If the time-related parametric imaging (RT, TTP, and mTT parametric imaging) showed a clutter-color, colorful, massive or patchy distribution, it was given 1 point. If the parametric imaging showed clarity and a single blue/green color, it was given 0 points. RT, TTP, and mTT parameter of each case were scored and summed to yield a total score. For example, for the case in Figure 1, the RT parametric imaging was given 1 point (Figure 1A), the TTP parametric imaging was given 1 point (Figure 1B), and the mTT parametric imaging was given 1 point (Figure 1C). Finally, the total score of this case was 3 (1+1+1=3). In the case of Figure 2, the RT parametric imaging was given 0 points (Figure 2A), the TTP parametric imaging was given 0 points (Figure 2B), and the mTT parametric imaging was given 0 points (Figure 2C). Finally, the total score of this case was 0 (0+0+0=0). The range of the final total score of each case can only be 0 to 3. The lesion with a total score of 0 or 1 was classified as benign and the lesion with a total score of 2 or 3 was classified as malignant. Next, there were two sets of diagnostic results of this parametric method: benign (-) and malignant (+) identical to the pathological diagnosis. Finally, there were four kinds of cases: pathological (+) parameter (+); pathological (-) parameter (+); pathology (+) parameter (-); pathologic (-) parameter (-). The purpose of the pathological diagnosis, as the gold standard, was to calculate the sensitivity, specificity, and accuracy of the parameter diagnosis method. All parameter image scoring were independently analyzed by two senior physicians with extensive experience in ultrasound contrast.

Statistical analysis

SAS 8.0 statistics software (SAS Inc., Cary, USA) was used for data analysis. The w-test was applied to determine whether the data had normal or nonnormal distribution. The t-test was applied when the data followed a normal distribution. The Mann-Whitney U-nonparametric test was used when the data had a nonnormal distribution. The p <0.05 was considered as statistically significant.

RESULTS

The performance of contrast-enhanced ultrasound time-related parametric imaging in breast lesions

Different regions in the lesions had different time values. SonoLiver software automatically codes the length of time for those that are color-coded. Purple, red, yellow, light blue, dark blue transition represents time from short to long. The red area represents a shorter time. The blue area represents a longer time. The time-dependent parametric imaging of 98 malignant lesions (98/113, 86.7%) performed a clutter-color, colorful, massive or patchy distribution (Figure 1). The time-dependent parametric imaging of 85 benign lesions (85/103, 82.5%) performed a single blue/green color distribution (Figure 2).

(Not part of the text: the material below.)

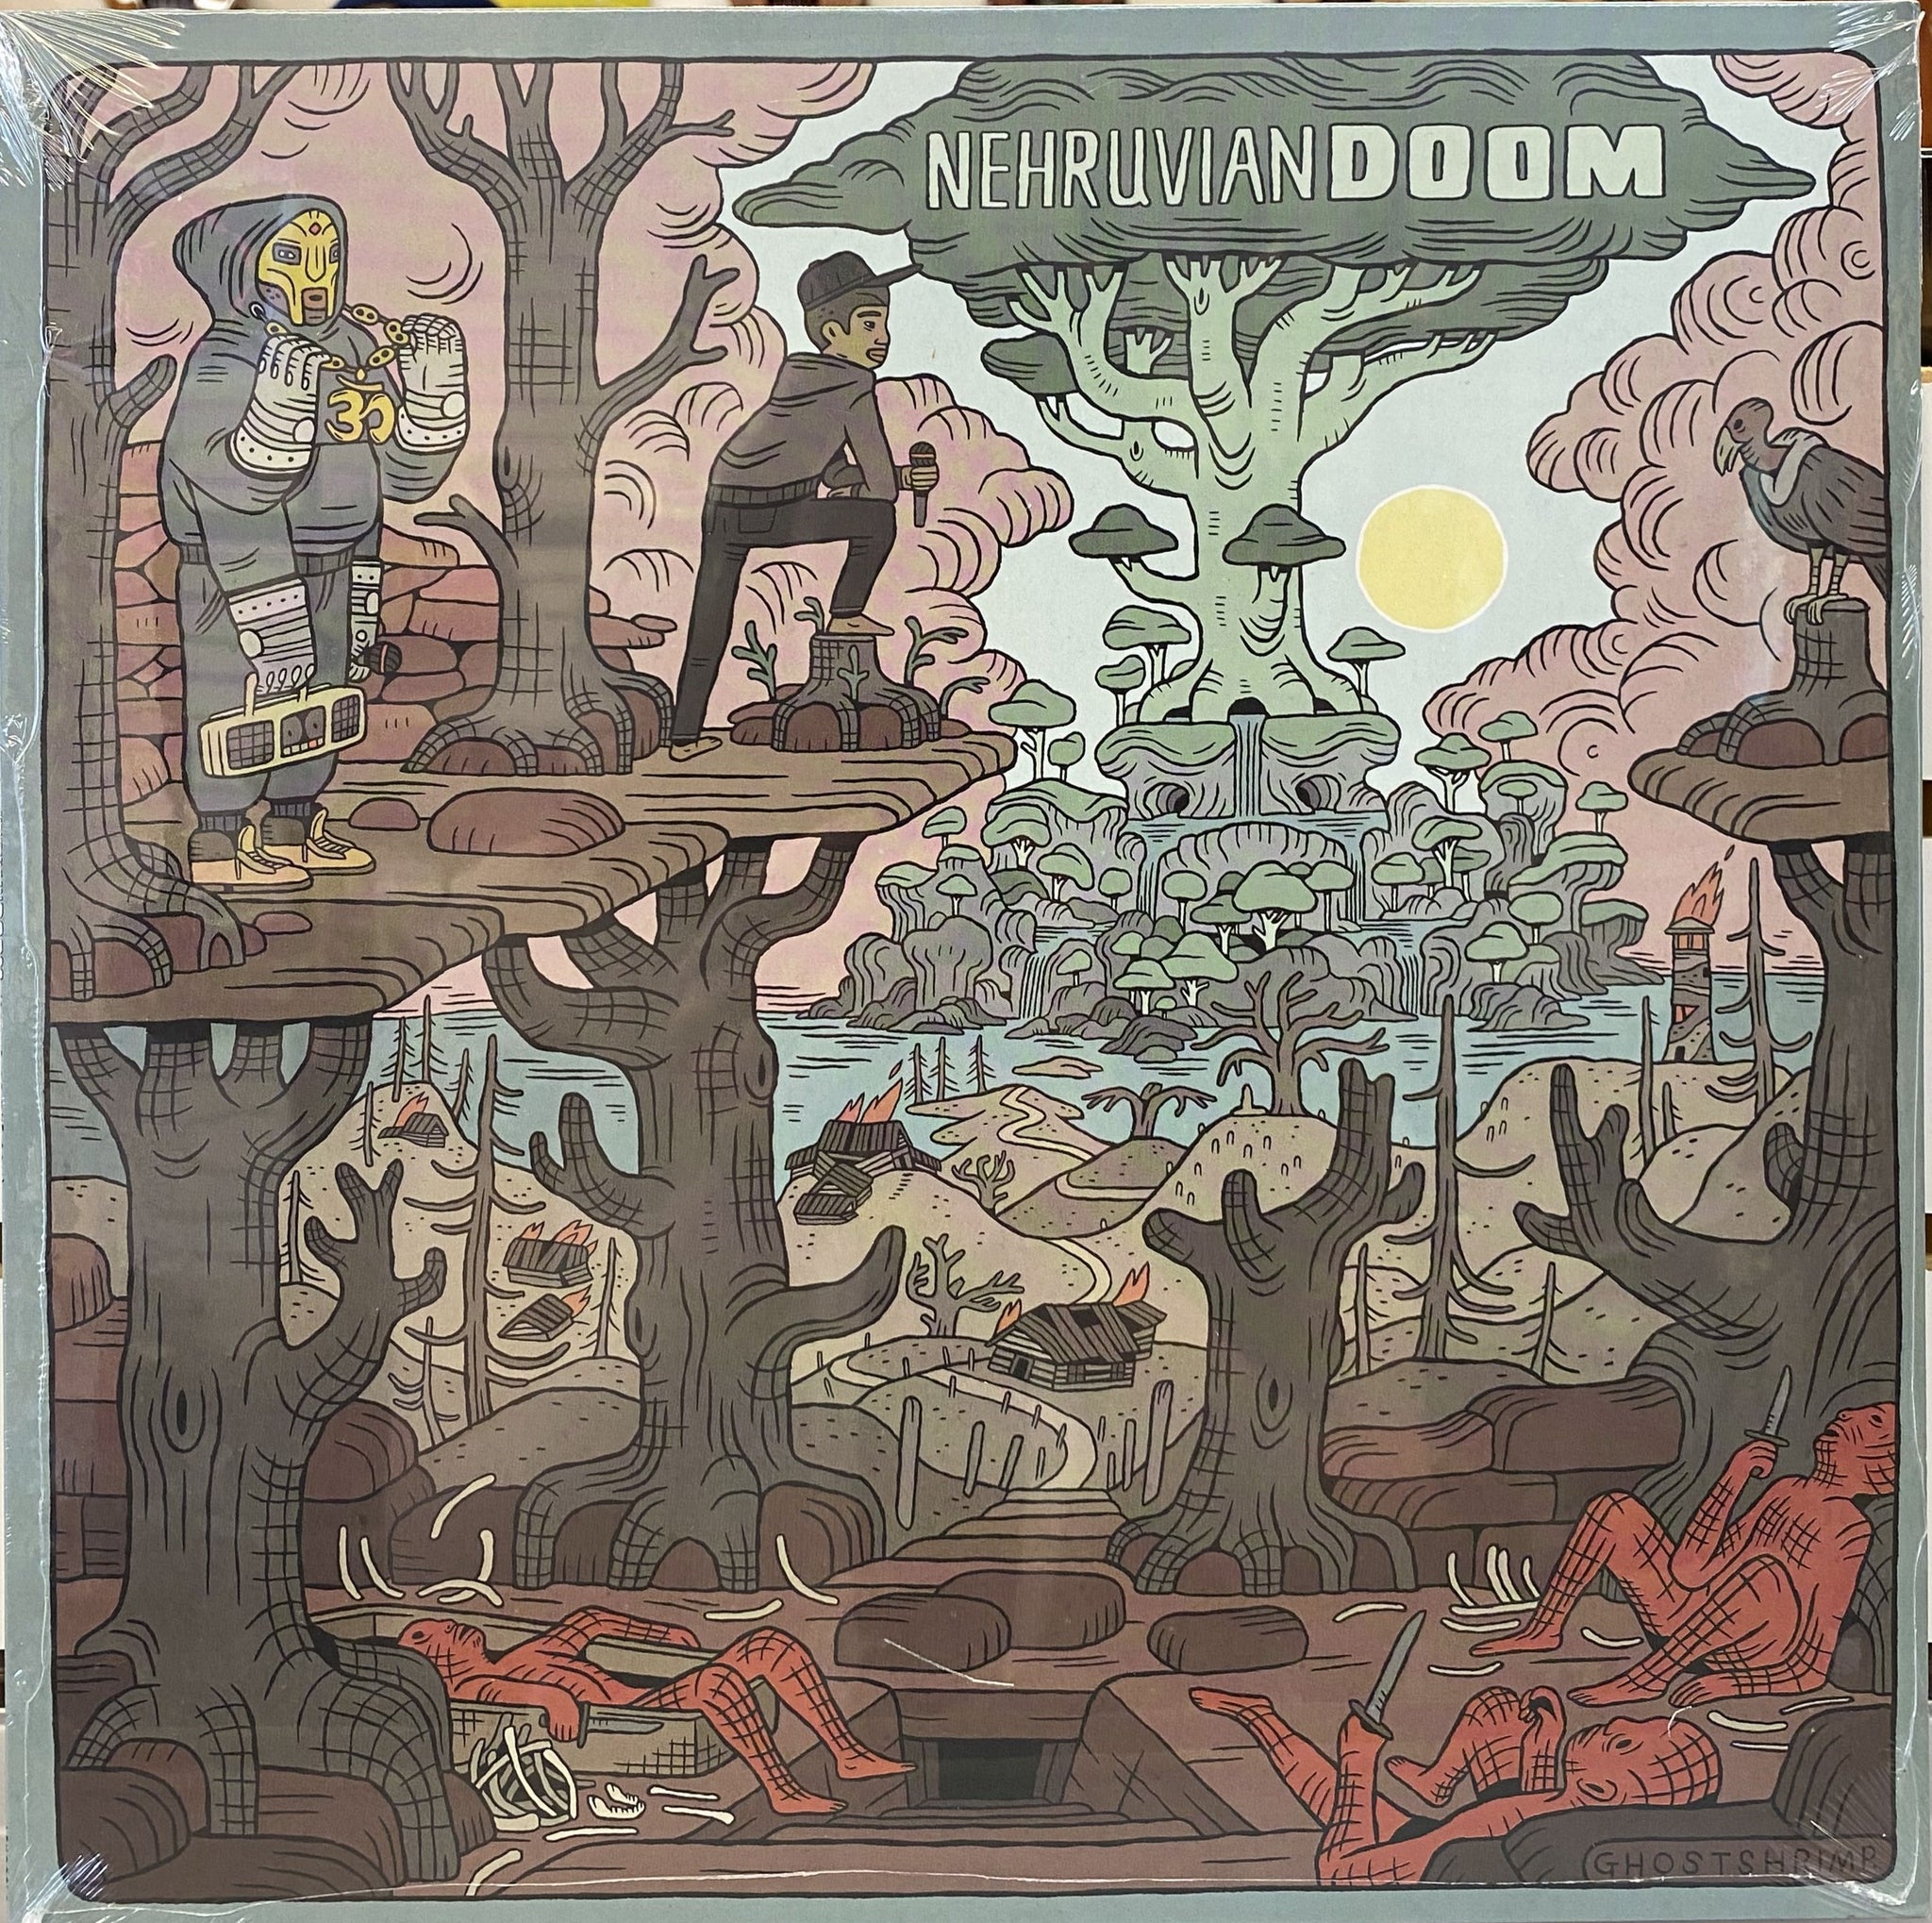 MF Doom & Bishop Nehru - Nehruvian Doom - Sound of the Son - Vinyl Record LP

Time related indicators of benign and malignant breast lesions

In this study, the rise time, time to peak and mean transit time was collectively referred to as time-related indicators. According to Table 1, the rise time and the time to peak were longer in the benign group than those in the malignant group. The mean transit time in the benign group was also longer than that in the malignant group. The difference was statistically significant (p=0.006).

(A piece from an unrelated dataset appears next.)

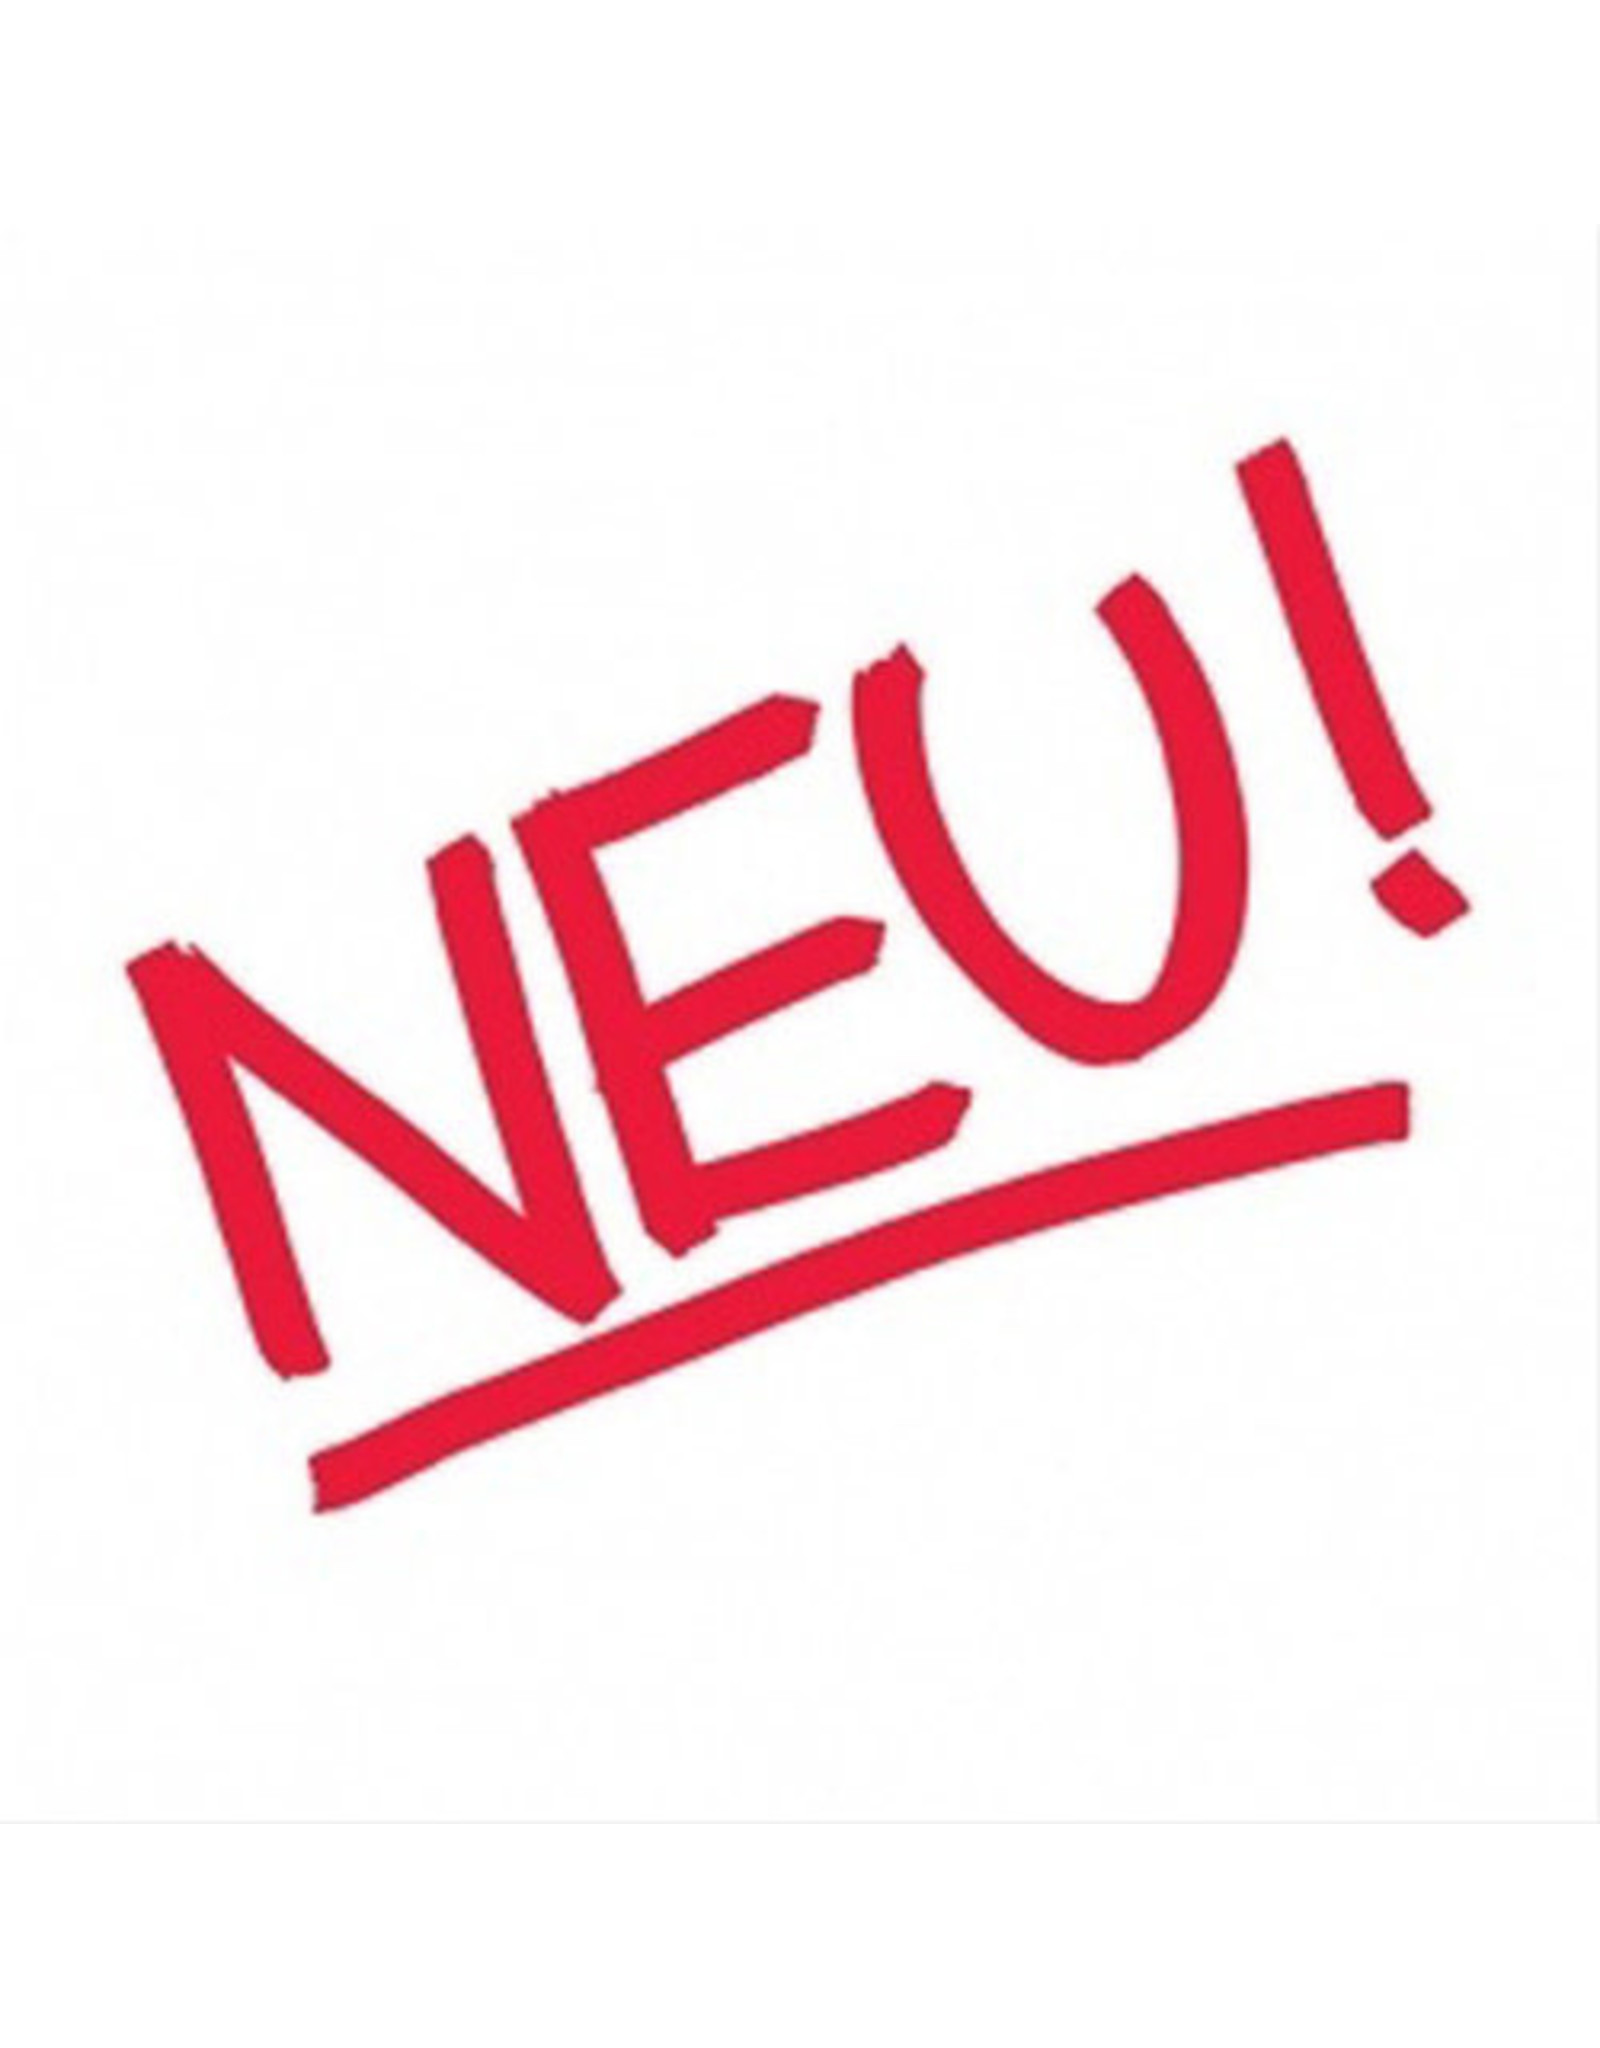 Groenland Neu!: Neu! (White Colored) LP

Diagnostic values of parametric imaging in breast tumors

The results depicted four kinds of cases: 95 cases were pathological (+) parameter (+), 15 cases were pathological (-) parameter (+), 18 cases were pathology (+) parameter (-), and 88 cases were pathologic (-) parameter (-). The sensitivity, specificity and accuracy of parametric imaging in breast tumors were 84.1%, 85.4%, 84.7%, respectively.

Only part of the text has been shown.